If you want a picture that looks like a photo, use photography terms. Mentioning bokeh, sharp focus, and even the brand and type of camera and lens could help.
For paintings or drawings, use terms like impressionism, modern art, or cubism to describe the style. You can say the names of artists, but morally, this is a grey area. If you name an artist, you’re basically replacing that person with a computer, which could be against their copyright. Image generation is still being looked at to see if it is legal.

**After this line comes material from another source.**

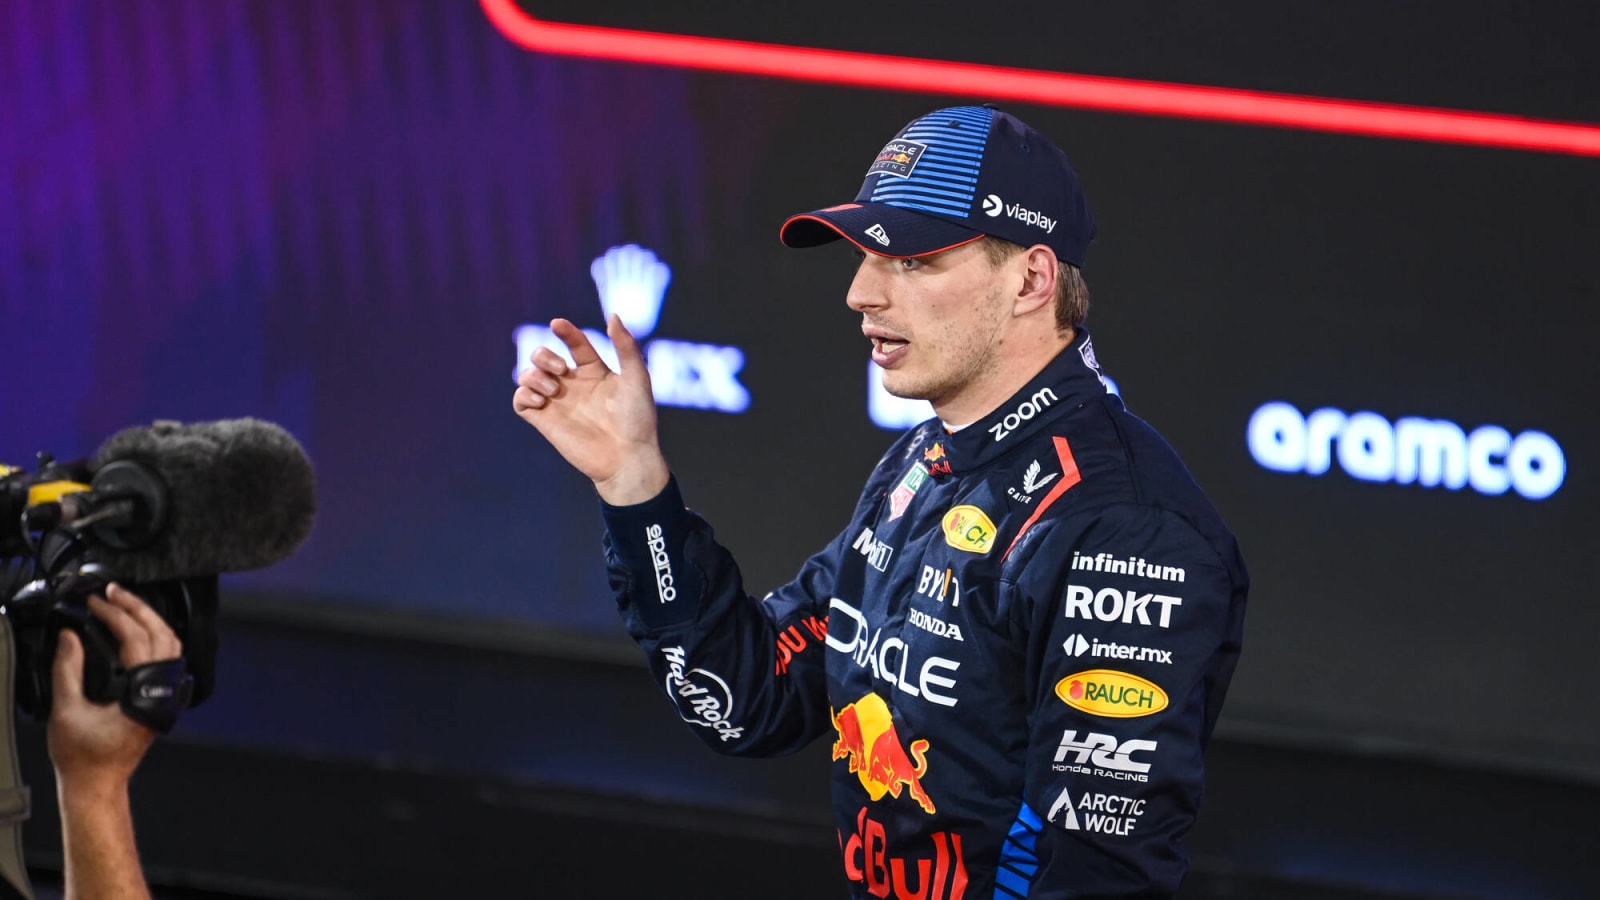 Max Verstappen rejoices narrowly clinching Pole Position from Charles Leclerc at ‘difficult’ Bahrain GP Qualifying

If you’re having trouble with generated fingers, try adding a semicolon and asking for fingers that are natural, proportional, and not distorted. The AI can usually understand what you say, but it doesn’t know enough about the real world. You can tell it what to do like you would with an artist, but you still need to explain things that a person would understand right away.
Bing Chat and Bing Image Creator Combined
Use Bing Chat for the easiest way to make a good image prompt. Ask it to write an idea for a picture or drawing, then copy and paste it into Bing Image Creator.
Most of the time, the result will be better than if you just gave a short, simple description on your own. You can also use the prompt from Bing Chat as a starting point for your own, more personalised version, changing any parts that don’t fit your idea of the picture you want.
You might get too long suggestions from Bing Chat. The most important information is usually at the beginning of a prompt, so it might still work even if the end is cut off.
In some situations, the prompt that is made won’t work. I asked the Bing Chat to draw me a pirate, and it gave me a description with a skull and crossbones. This symbol, called a “Jolly Roger,” is often seen on a pirate flag.
When Bing Image Creator said the prompt was inappropriate, I just asked Bing Chat to change it so it wouldn’t cause a content warning. This question was good.
Where to Use Bing Image Creator Pictures
Like all AI image and text generators, Bing Image Creator is a powerful tool that can change how we do research, learn, write, and show both written and visual ideas. AI isn’t the one who makes things, it gets its ideas from what people come up with.
When you use Bing Image Creator, don’t forget about the people who made it possible. Photographers and artists helped make this possible, and we need to keep supporting their creative spirit, even if we use AI to make images.
Just like you might use photos as references and art to get ideas, the results from Bing Image Creator can help you get past a tough creative block. Even if it’s not useful, the AI will give you something interesting. That might be enough for you to start making your own thing.
For editorial content, Bing Image Creator can make images that show a concept that can’t be captured in a photo or that put together things that don’t usually go together.